Reputation: 1204
I have a matrix with a couple million rows and about 40 columns.
I want to sort the elements in each row in decreasing order. Thus, the element with the highest value of each row should be in the first column.
To do this I can use the apply
function:
set.seed(1)
mm <- replicate(10, rnorm(20)) #random matrix with 20 rows and 10 columns
mm.sorted <- apply(mm,1,sort,decreasing=T)
But for a very large matrix this approach takes a very long time.
Are there different approaches to speed up the sorting of elements in rows?
Upvotes: 4
Views: 1574
Reputation: 9666
Here is one clever way:
res <- matrix(mm[order(row(mm), -mm)], nrow = nrow(mm), byrow = TRUE)
Also faster than others:
system.time(
res <- matrix(mm[order(row(mm), -mm)], nrow=nrow(mm), byrow=TRUE)
)
user system elapsed
1.910 0.254 2.170
Upvotes: 1
Reputation: 132989
You could use package data.table:
set.seed(1)
mm <- matrix(rnorm(1000000*40,0,10),ncol=40)
library(data.table)
system.time({
d <- as.data.table(mm)
d[, row := .I]
d <- melt(d, id.vars = "row") #wide to long format
setkey(d, row, value) #sort
d[, variable := paste0("V", ncol(mm):1)] #decreasing order
#back to wide format and coerce to matrix
msorted <- as.matrix(dcast(d, row ~ variable)[, row := NULL])
})
#user system elapsed
#4.96 0.59 5.62
If you could keep it as a long-format data.table (i.e., skip the last step), it would take about 2 seconds on my machine.
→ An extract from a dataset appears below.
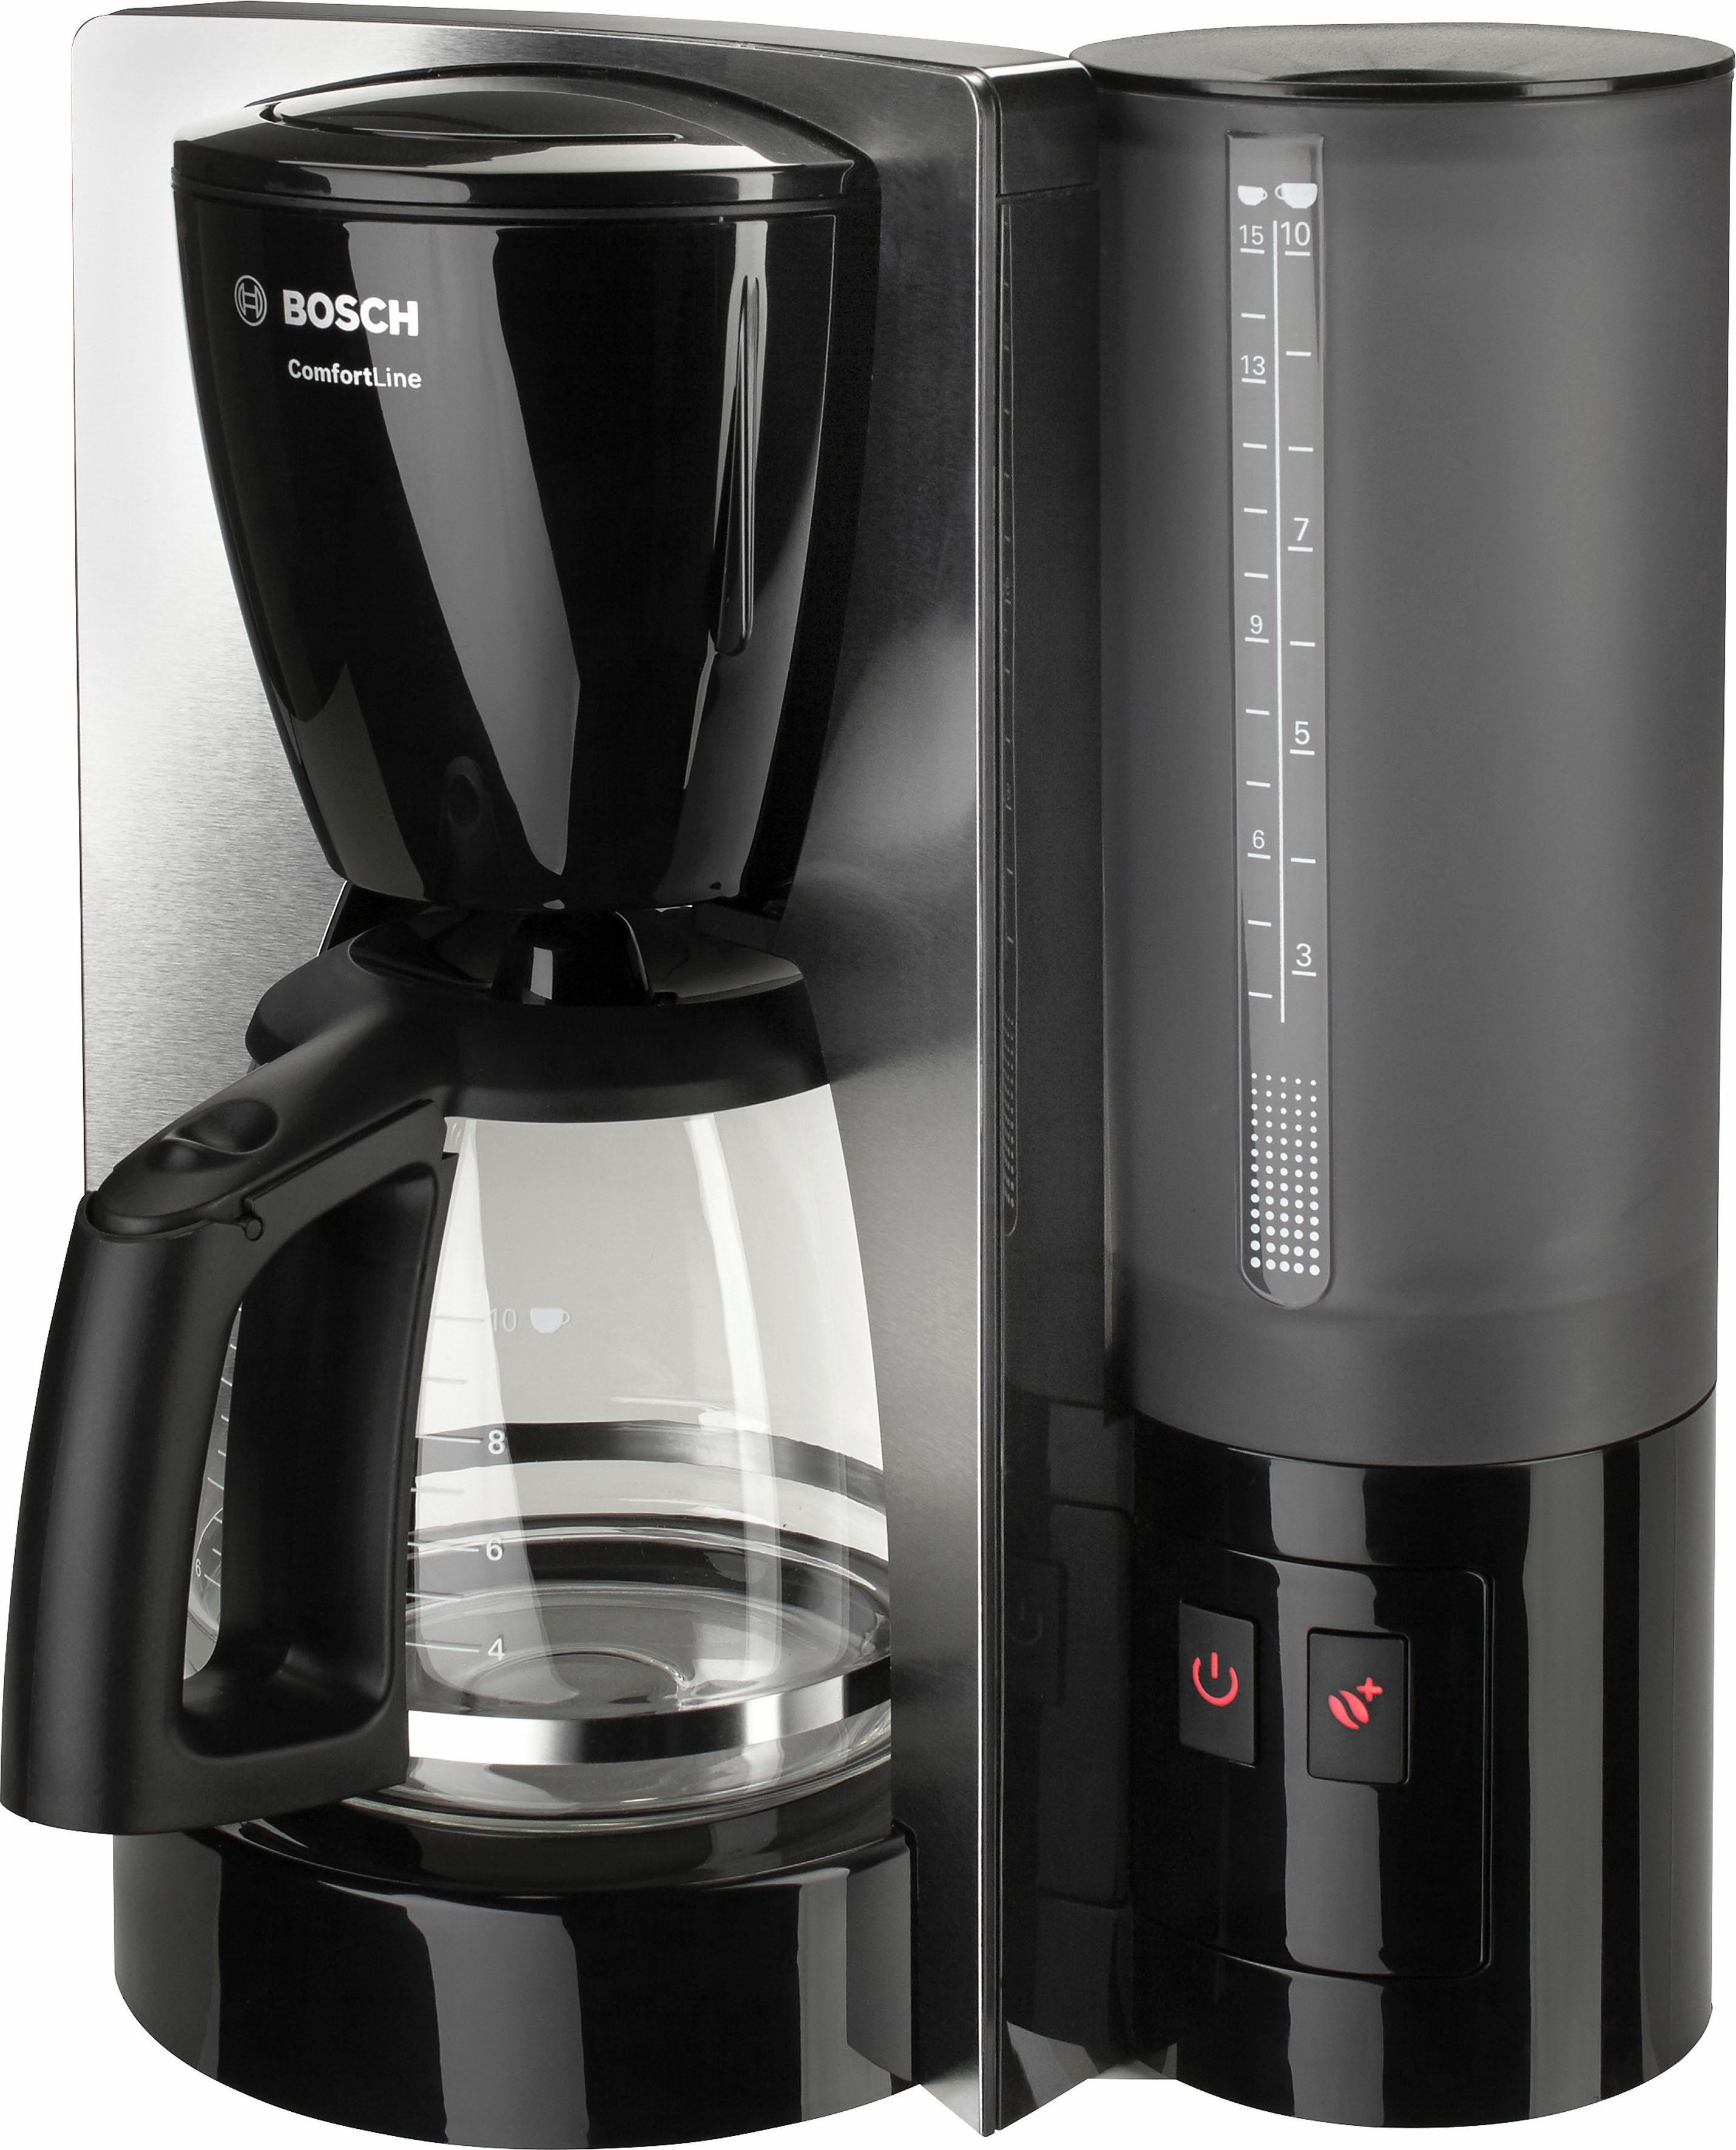 BOSCH filterkoffieapparaat ComfortLine TKA6A643, 1,25 l nu online kopen bij OTTO

For comparison, timings of @qjgods' answer on my machine:
#user system elapsed
#3.71 2.08 8.81
Note that using apply
(or parallel versions of it) transposes the matrix.
Upvotes: 6
Reputation: 1000
use the parallel package to speed up
library(parallel)
data<-matrix(rnorm(1000000*40,0,10),ncol=40)
cl <- makeCluster(8) # 8 is the number of CPU
system.time({
parApply(cl,data,1,sort,decreasing=T)
})
user system elapsed
9.68 10.11 29.87
stopCluster(cl)
Upvotes: 7